Finally, a related body of work looks at individuals and households who are reducing their ecological and carbon footprints by adopting simple lifestyles or low-impact consumption practices as well as downshifting in hours of work. (Schor 1998, Kasser and Brown 2003; Hamilton 2003) While not directly explicitly at the macro questions of growth, this literature is relevant to it, because macro trends are ultimately the aggregate of micro level changes.

Working Hours Reductions Both TOP and eco-mod ignored working hours. In TOP theory, the imperative to grow meant that working hours would remain stable or increase, rather than fall with productivity growth (For a discussion of the relationship between hours and productivity, see Schor 1992). Eco-modernization theory focuses on technological change that increases the productivity of natural resources (eg., de-materialization or de-carbonization), with little thought about hours of work, even when it began to take household behavior change and sustainable consumption seriously (Spaargaren 20xx). By contrast, in the de-growth/new economics paradigm, time use, and specifically hours of work is a key variable. (Gorz 1994; Latouche 2009; Schor 1991, 2005, 2010; Victor 2008; Speth 2008; Jackson 2009; Coote 2009) There are a number of reasons for the centrality of working hours, including factors having to do with the basic operation of market economies, compositional effects at the household level, the relation between time use and happiness, and the social impacts of time affluent societies.

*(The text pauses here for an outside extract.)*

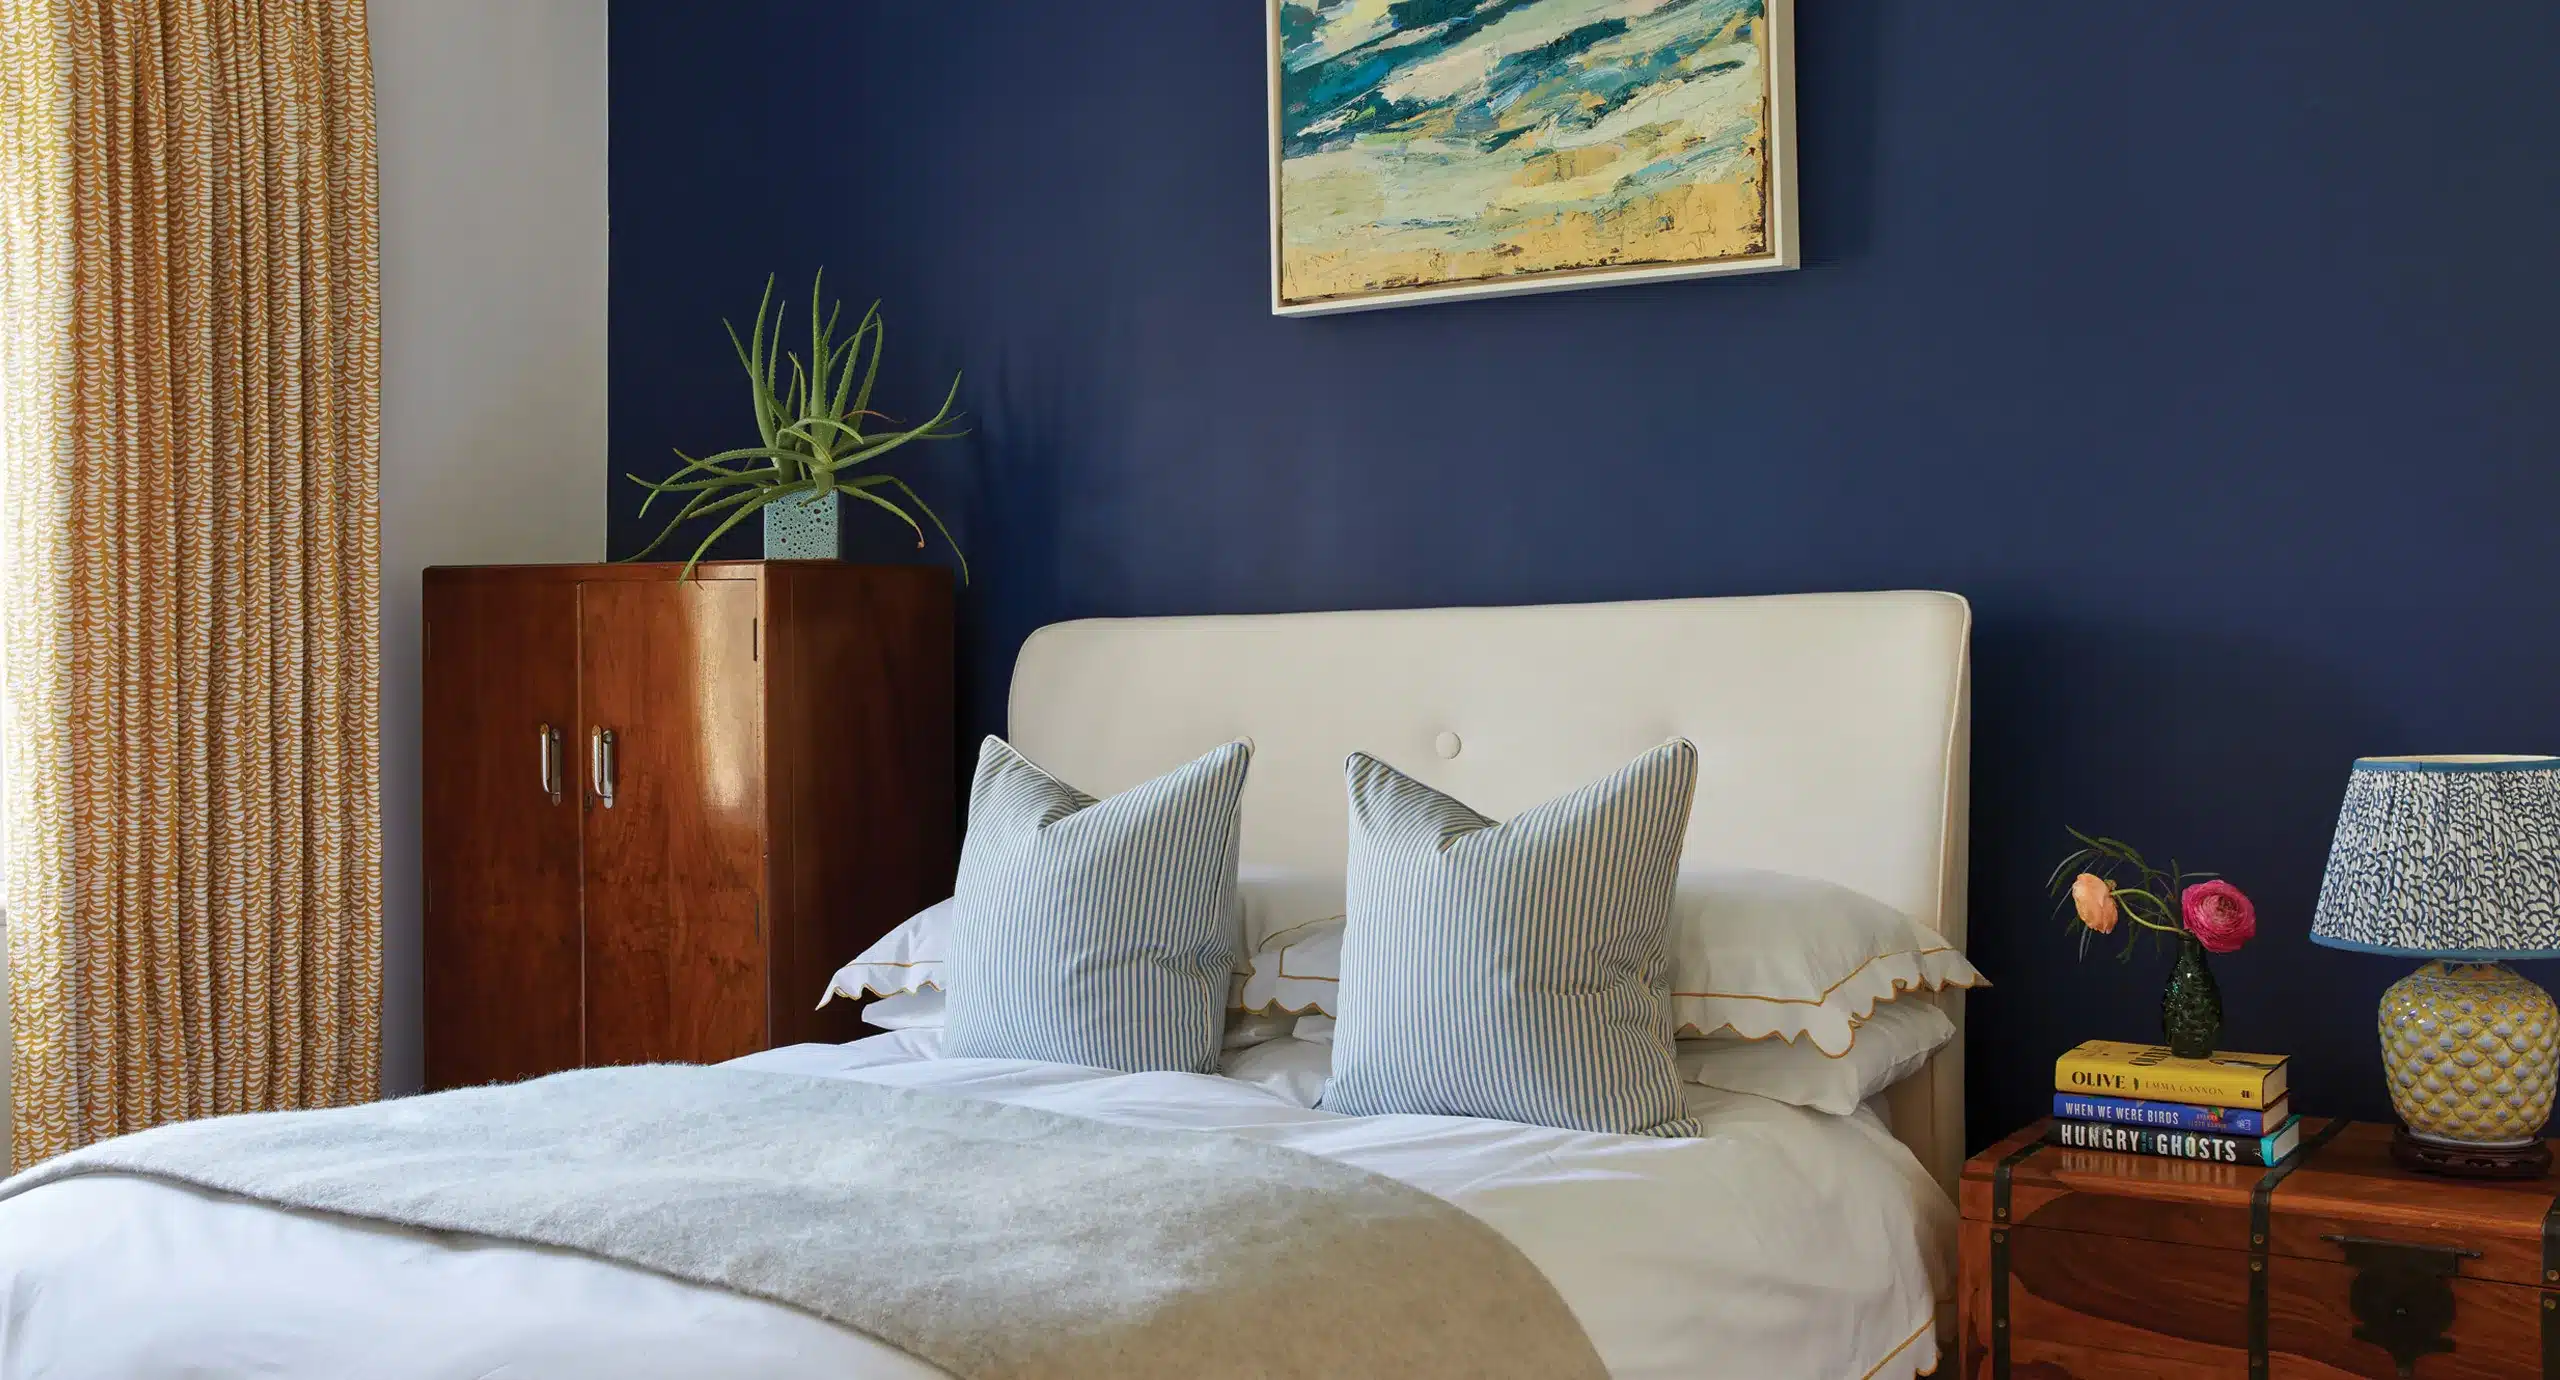 A bedroom with blue walls and white furniture is enhanced by custom-made curtains and blinds.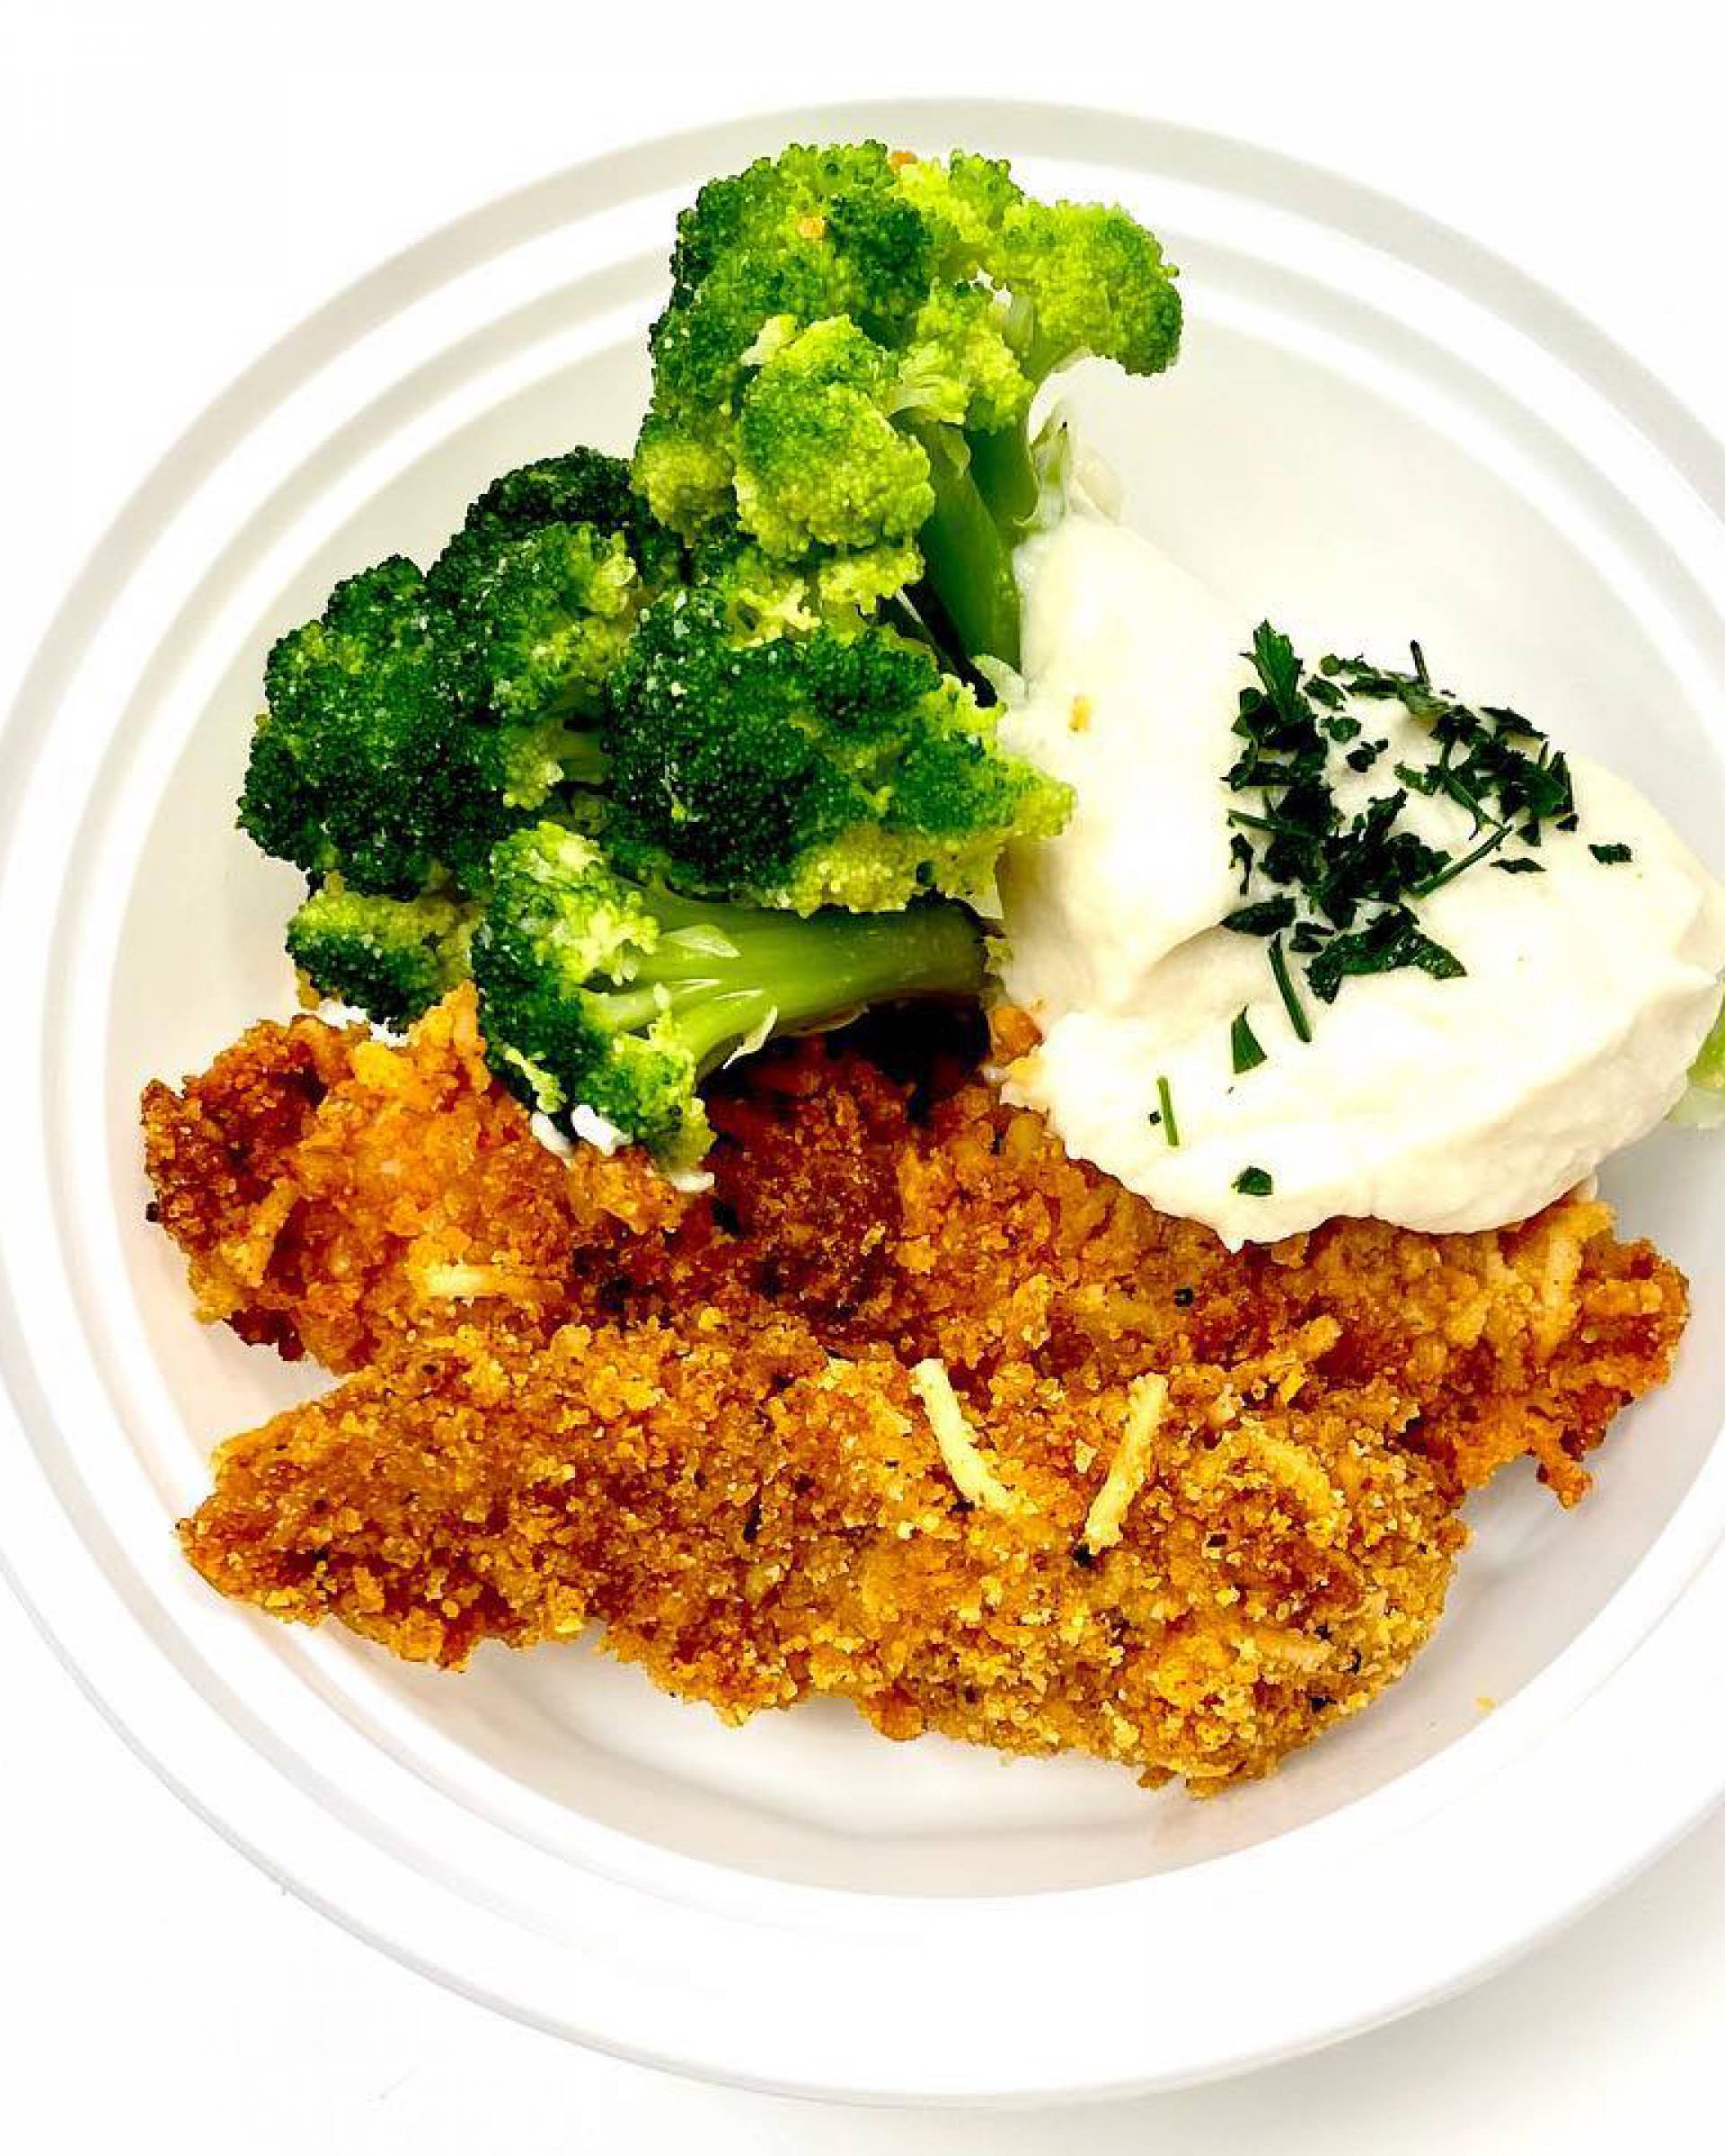 Chicken Tenders with Parsnip Mashed Potatoes and Broccoli Crowns - Paleo

At the macro-structural level, progressive reductions in hours are necessary in a slow or zero growth economy in order to avoid unemployment. This is because productivity growth is generally occurring in a market economy. When it does, fewer workers are needed at any level of GDP. Ordinarily, GDP growth absorbs some fraction of that displaced labor. Unless population is shrinking, hours of work will need to fall to avoid a mounting problem of unemployment. This can happen by reducing annual hours or reducing lifetime hours (by delaying labor force entry or lowering the retirement age. (Victor 2008; Schor 2010). If environmental regulations or investments are simultaneously raising the productivity of natural capital, the need to speed hours reductions may be even greater.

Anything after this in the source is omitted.